Collaborative Strength Enables the EXAALT Project to Optimize GPU Performance

11/03/20

Exascale Computing Project · Collaborative Strength Enables the EXAALT Project to Optimize GPU Performance

By Scott Gibson

Danny Perez, Los Alamos National Laboratory, and Rahul Gayatri, NERSC

From left, Danny Perez, Los Alamos National Laboratory; Rahul Gayatri, National Energy Research Scientific Computing Center

A dream of researchers is to cut the time it takes to develop new materials by using computer simulations almost exclusively. The outcomes could be better nuclear fuels and the right first wall materials for fusion reactors. Or new metals, semiconductors, and insulators. And more possibilities exist.

In this episode of the Let’s Talk Exascale podcast, we’ll have a look at a project called EXAALT, which refers to Exascale Atomistic capability for Accuracy, Length, and Time. It has the potential to bring atomistic materials predictions to the engineering scale. Materials design and synthesis could be demystified and, for the most part, done virtually.

To discuss EXAALT we’re joined by Danny Perez of Los Alamos National Laboratory and Rahul Gayatri, a project collaborator from the National Energy Research Scientific Computing Center (NERSC).

Our topics: Molecular dynamics simulations—what they are, why they’re important and advantageous, how they can be used in the design of materials, and their limitations. We’ll also have a project highlight.

Interview Transcript:

Gibson: Danny Perez and Rahul Gayatri, welcome!

Perez: Thanks, Scott.

Gayatri: Thanks, Scott.

Gibson: Why molecular dynamics simulations? Why are they important?

Perez: In the following, I’ll refer to molecular dynamics as MD just for short. MD is very powerful because it’s a very fundamental approach. If you’re interested in understanding how a material behaves, then you can just set up a virtual system and just integrate the equation of motion of all of the atoms in your system and just see what happens. So, this is very powerful because you don’t have to know ahead of time what the atoms want to do. You just set the system up, let it go, and see what happens.

And, very often, there’s a very wide range of phenomena that will just spontaneously occur, and, oftentimes, these aren’t expected. So, even if you don’t know what the key physical steps are, then molecular dynamics will just show it to you. In that sense, you can think of MD as a numerical experiment where you gain fundamental insight into material down to the atomic scale where we get a complete resolution and we can see where each atom is at every point in time.

That is really a great complement to actual experiments, where we often have limitations in terms of resolution in space and time.

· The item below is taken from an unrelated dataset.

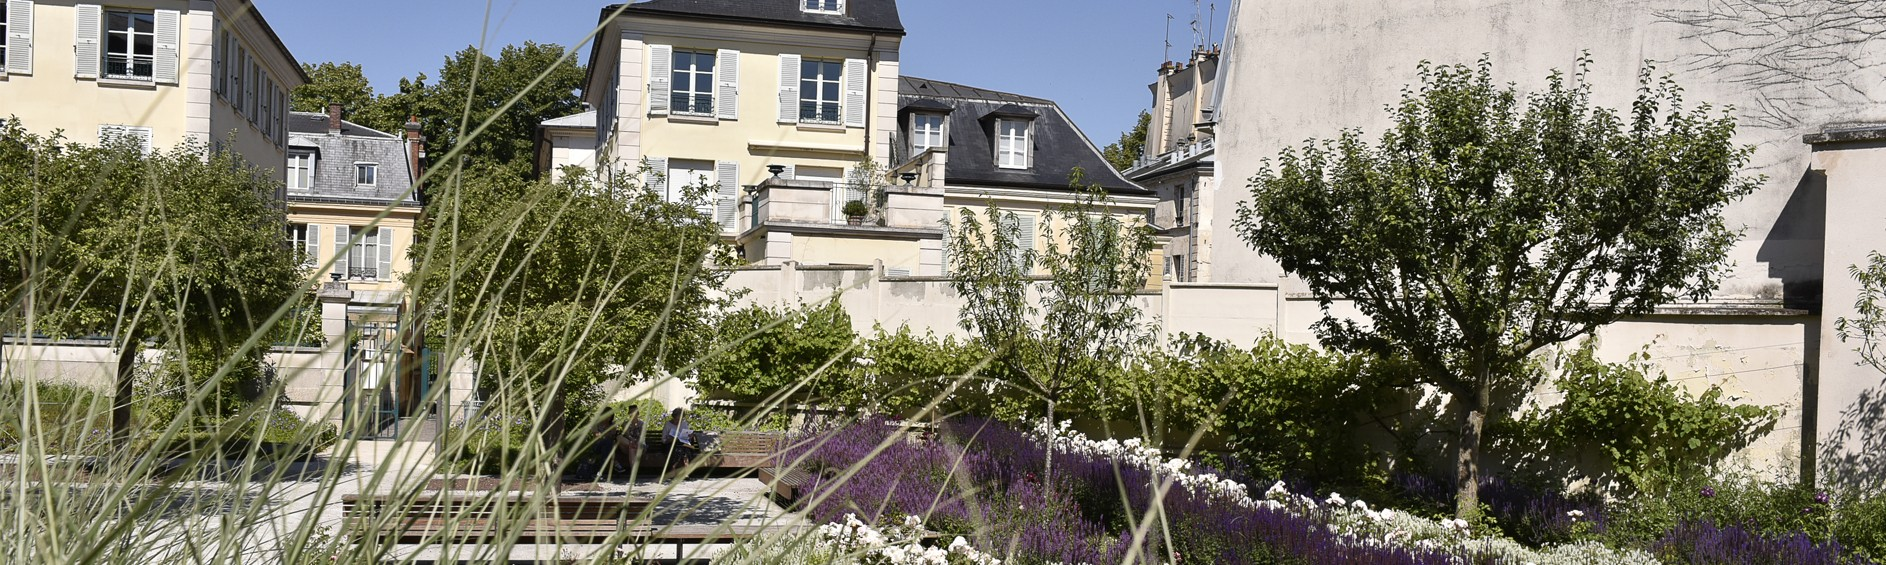 Jardins des Senteurs à Versailles

In MD, we cannot simulate everything, but we really have full and complete information about what is going on in the material; and that is very powerful.

Gibson: First-principles calculations can be used for design and prediction in materials science. Will you speak to what molecular dynamics simulations can offer in that respect?

Perez: Materials design is kind of an outstanding goal in the community nowadays, to try to see if we could design materials purely computationally—so, get a sense of how a material would perform just from computer simulation without having to go to the lab and try different possibilities and so on. The ultimate idea would be to shorten the time it takes to develop new materials by being able to basically develop them from scratch on the computer.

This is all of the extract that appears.